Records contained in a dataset

_ _ _ _

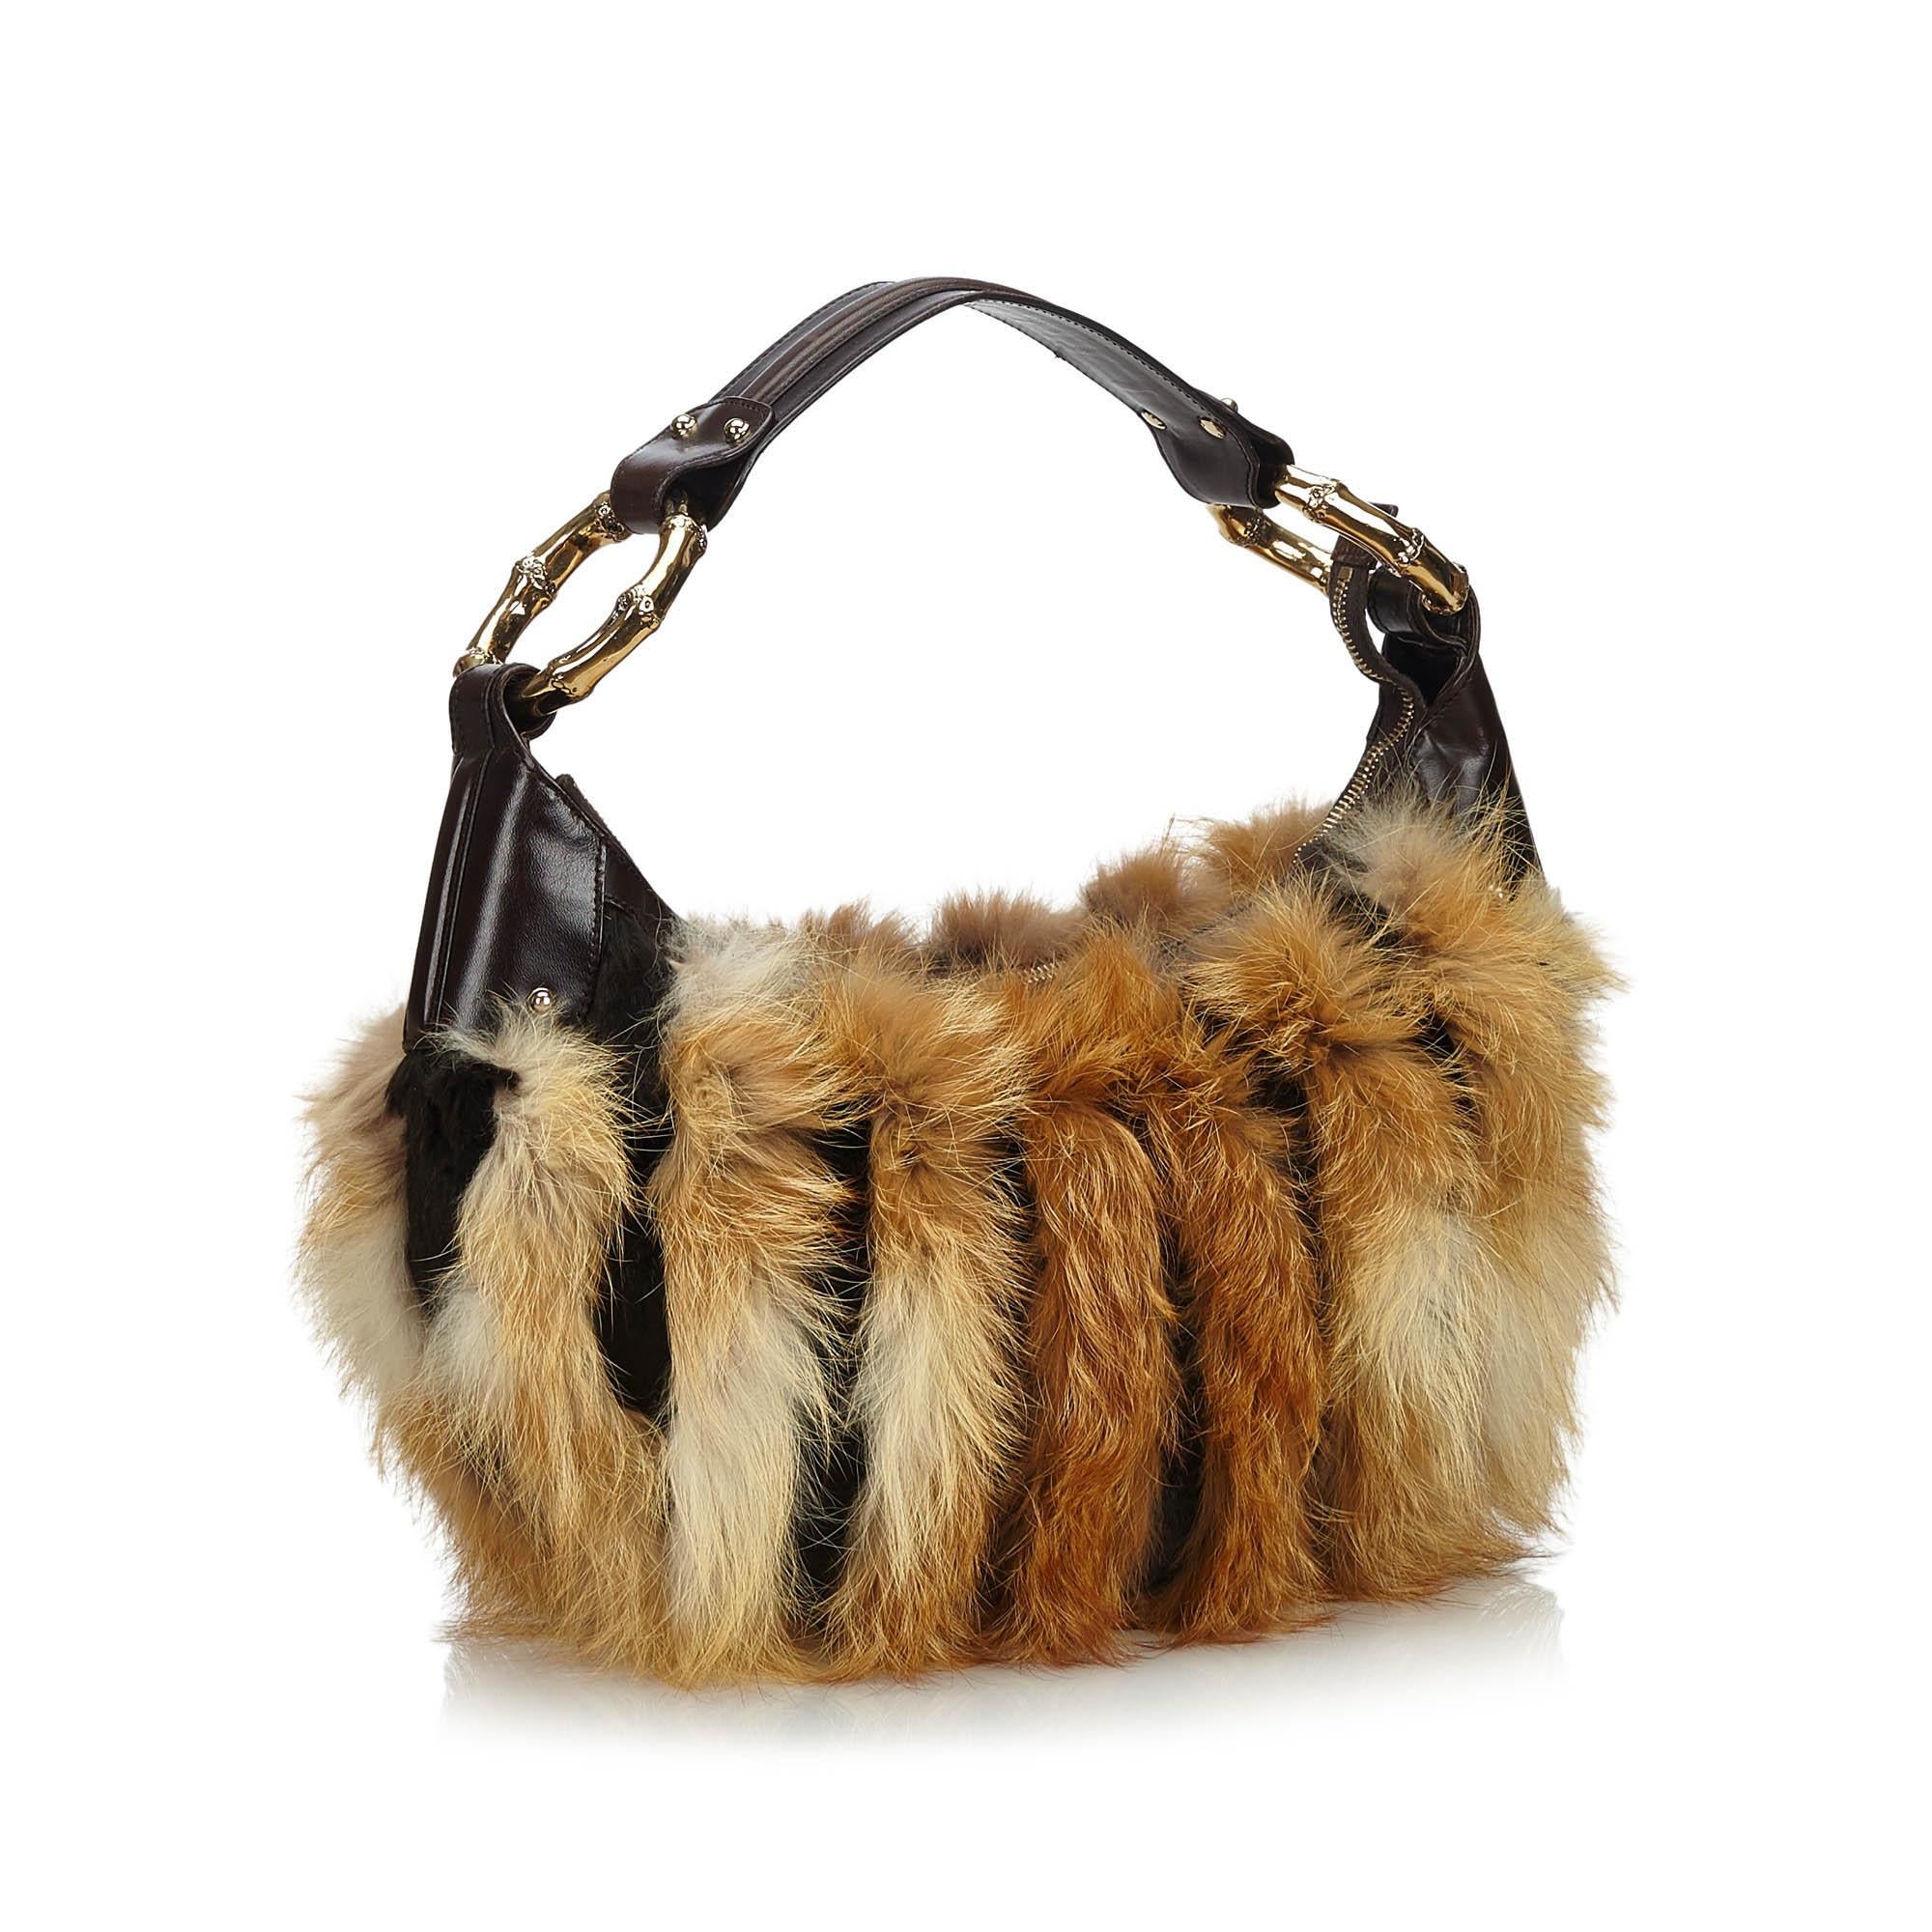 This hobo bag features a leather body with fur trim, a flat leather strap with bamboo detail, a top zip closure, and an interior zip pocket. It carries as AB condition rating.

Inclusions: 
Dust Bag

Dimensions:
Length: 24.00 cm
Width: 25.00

_ _ _ _

EXERCISE INSTRUCTIONS
Set down every entry above exactly as written, but skip the pictures.

EXERCISE ANSWER
 This hobo bag features a leather body with fur trim, a flat leather strap with bamboo detail, a top zip closure, and an interior zip pocket. It carries as AB condition rating.

Inclusions: 
Dust Bag

Dimensions:
Length: 24.00 cm
Width: 25.00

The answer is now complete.